2

I want to encrypt a large file (lets say 64 GB) in the most efficient way in .NET.

How I would implement this:

  1. Create an instance of AesManaged to encrypt the stream of the file (read 64 GB)
  2. Save this stream to disk (because it is to big to hold in memory) (write 64 GB)
  3. Create an instance of HMACSHA512 to compute hash of the saved file (read 64 GB)
  4. Save encrypted data with iv to disk (read & write 64 GB)

Simplified C# Code:

using (var aesManaged = new AesManaged())
{
    using (var msEncrypt = File.OpenWrite(@"C:\Temp\bigfile.bin.tmp"))
    {
        using (var csEncrypt = new CryptoStream(msEncrypt, encryptor, CryptoStreamMode.Write))
        {
            File.OpenRead(@"C:\Temp\bigfile.bin").CopyTo(csEncrypt);
            new MemoryStream(iv).CopyTo(csEncrypt);
        }
    }
}

using (var hmac = new HMACSHA512(hmacKey))
{
    hmacHash = hmac.ComputeHash(File.OpenRead(@"C:\Temp\bigfile.bin.tmp"));
}

byte[] headerBytes;
using (var memoryStream = new MemoryStream())
{
    var header = new Header
    {
        IV = iv,
        HmacHash = hmacHash
    };
    Serializer.Serialize(memoryStream, header);
    headerBytes = memoryStream.ToArray();
}

using (var newfile = File.OpenWrite(@"C:\Temp\bigfile.bin.enc"))
{
    new MemoryStream(MagicBytes).CopyTo(newfile);
    new MemoryStream(BitConverter.GetBytes(headerBytes.Length)).CopyTo(newfile);
    new MemoryStream(headerBytes).CopyTo(newfile);
    File.OpenRead(@"C:\Temp\bigfile.bin.tmp").CopyTo(newfile);
}

This implementation has the disadvantage that I created a second file and that I read multiple times 64 GB from disk.

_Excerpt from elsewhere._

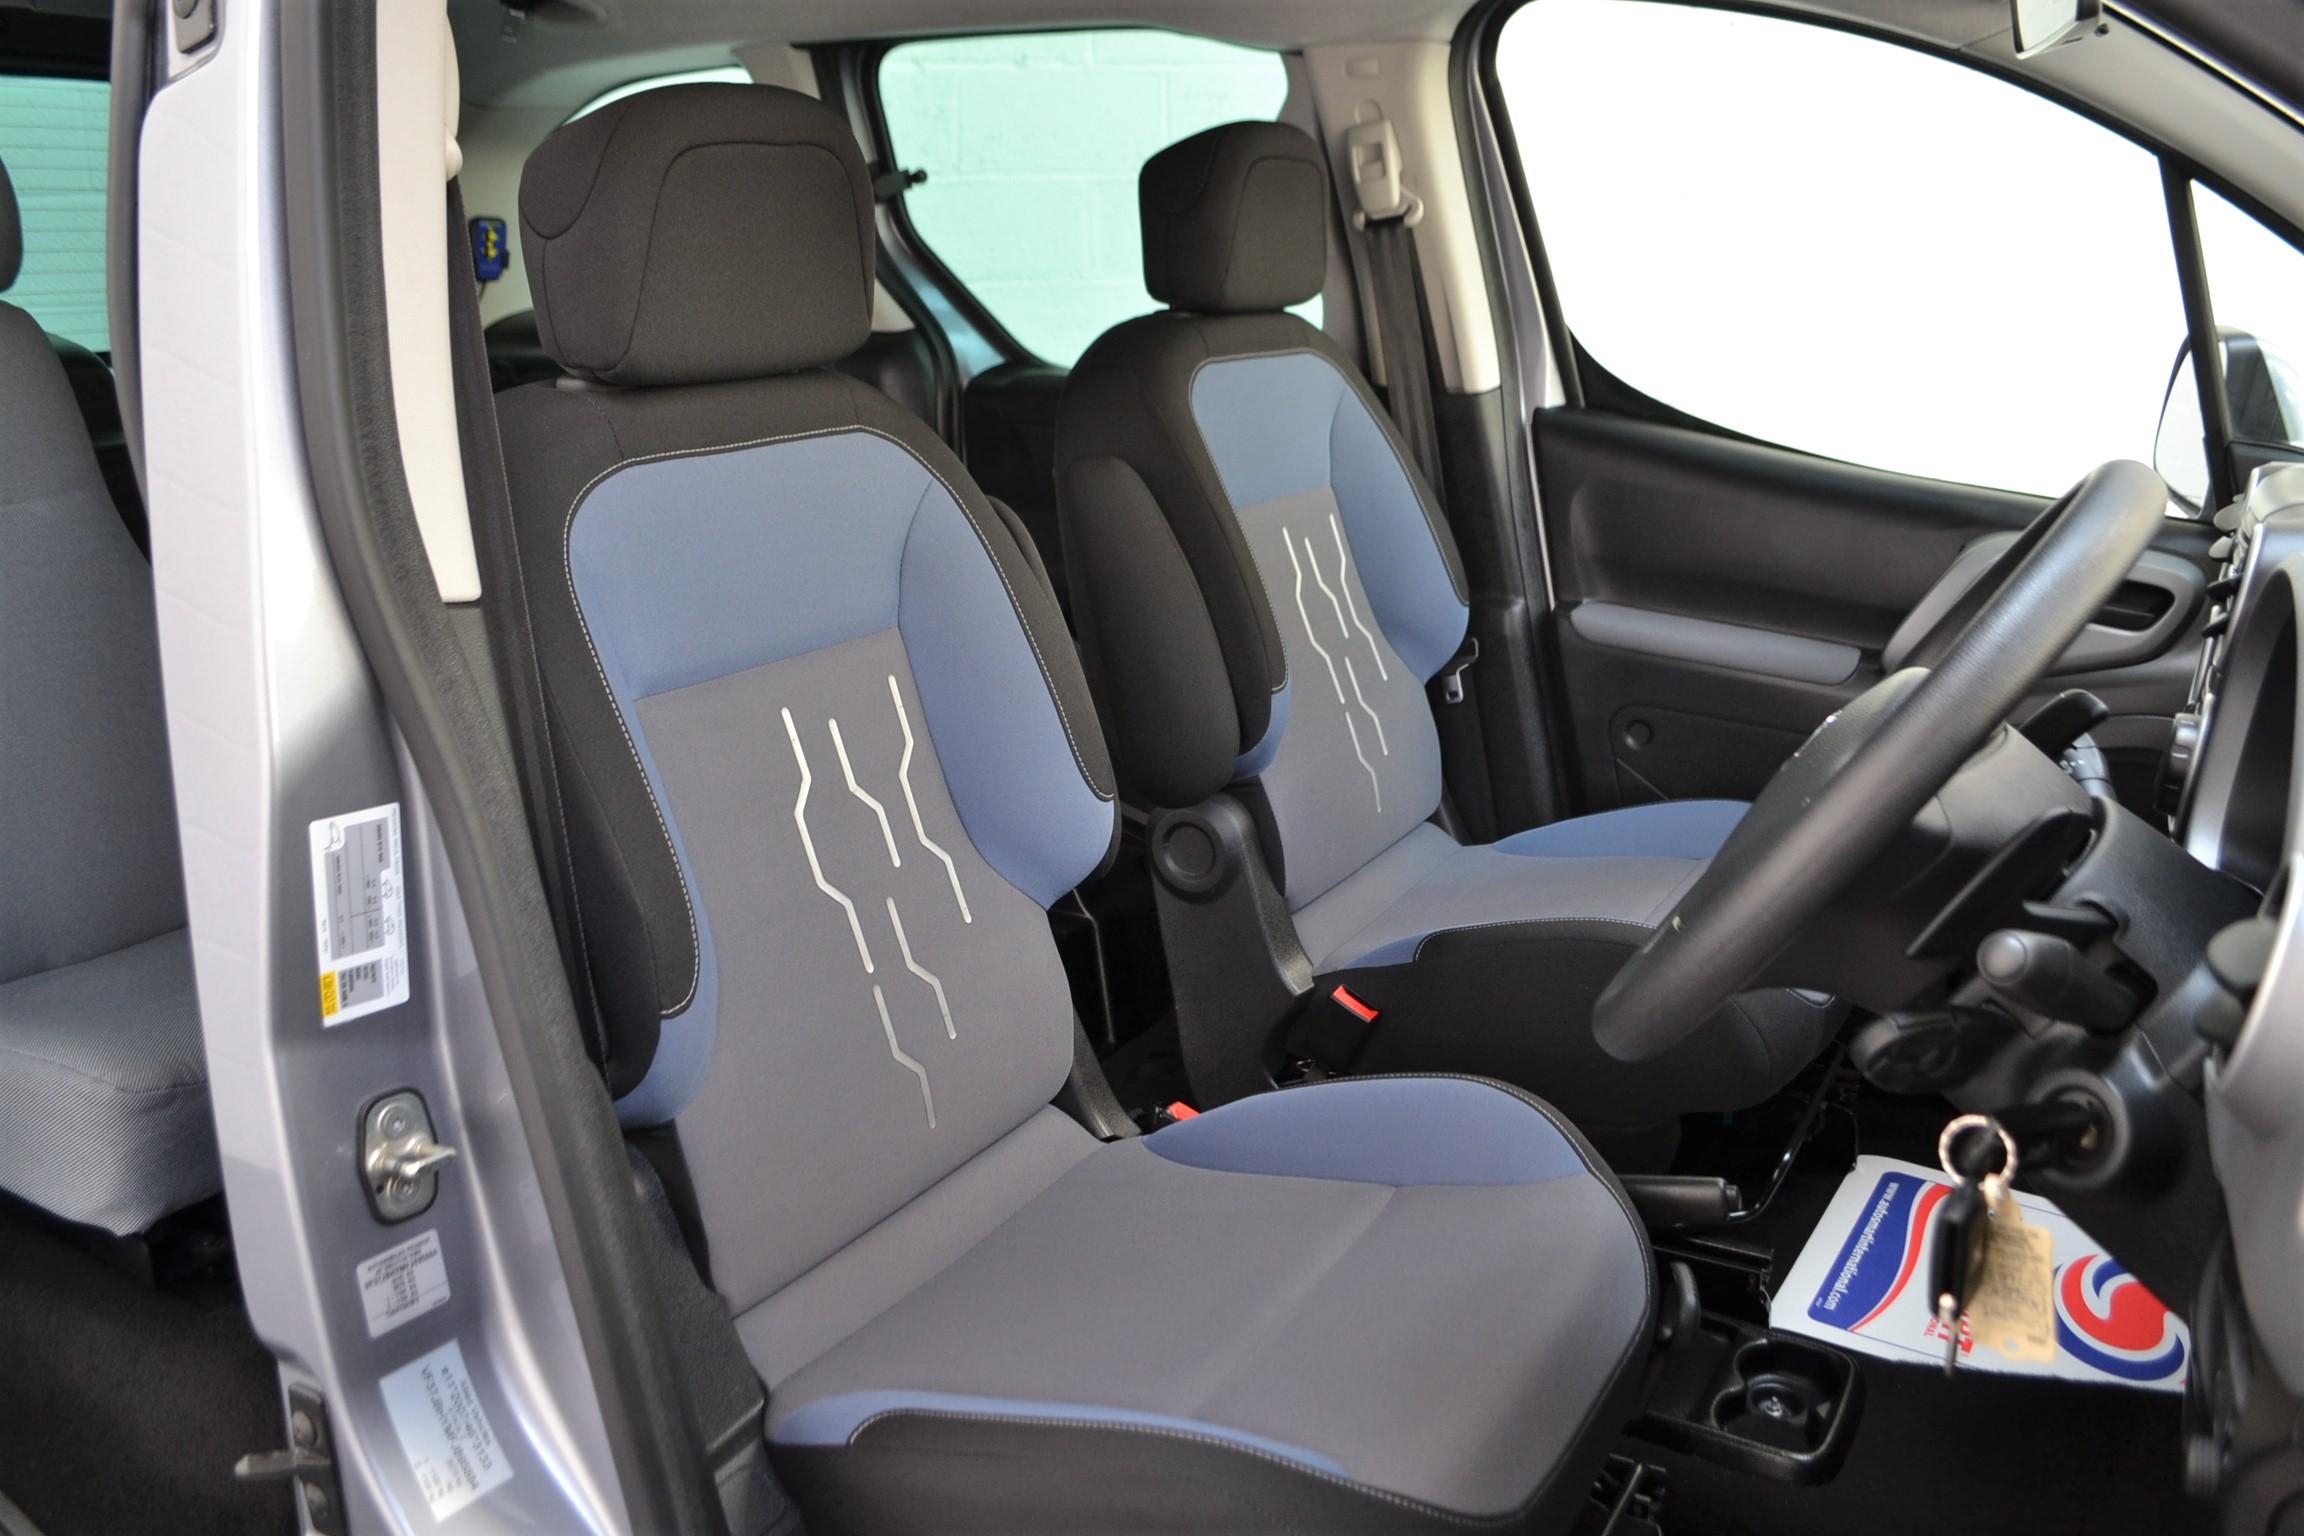 WAV Cars For Sale Bristol Wheelchair Accessible Vehicles Used For Sale Somerset Devon Dorset Bath Peugeot Partner Auto1

Is the necessary? How to minimize disk IO and ram allocation?

hdev
  • 6,097
  • 1
  • 45
  • 62
  • No, it is not necessary when done right. Also, step 4 is strange, because the IV should be created before trying to encrypt. It's common to write the IV before the ciphertext to the file. – Artjom B. Jul 28 '16 at 05:21

1 Answers1

5

I always get CryptoStreams wrong, so please excuse my pseudocode. The basic idea is to "chain" streams, so that plaintext gets copied to a cryptostream which does the encryption, which in turn writes data to a cryptostream that does the MACing, which then writes to plain old file stream:

using(var encryptedFileStream = File.OpenWrite("..."))        
using(var macCryptoStream = new CryptoStream(encryptedFileStream, mac, CryptoStreamMode.Write))
using(var encryptCryptoStream = new CryptoStream(macCryptoStream, encryptor, CryptoStreamMode.Write))
using(var inputFileStream = File.OpenRead("..."))
    inputFileStream.CopyTo(encryptCryptoStream);

This way, you only need a single pass through your 64 Gb.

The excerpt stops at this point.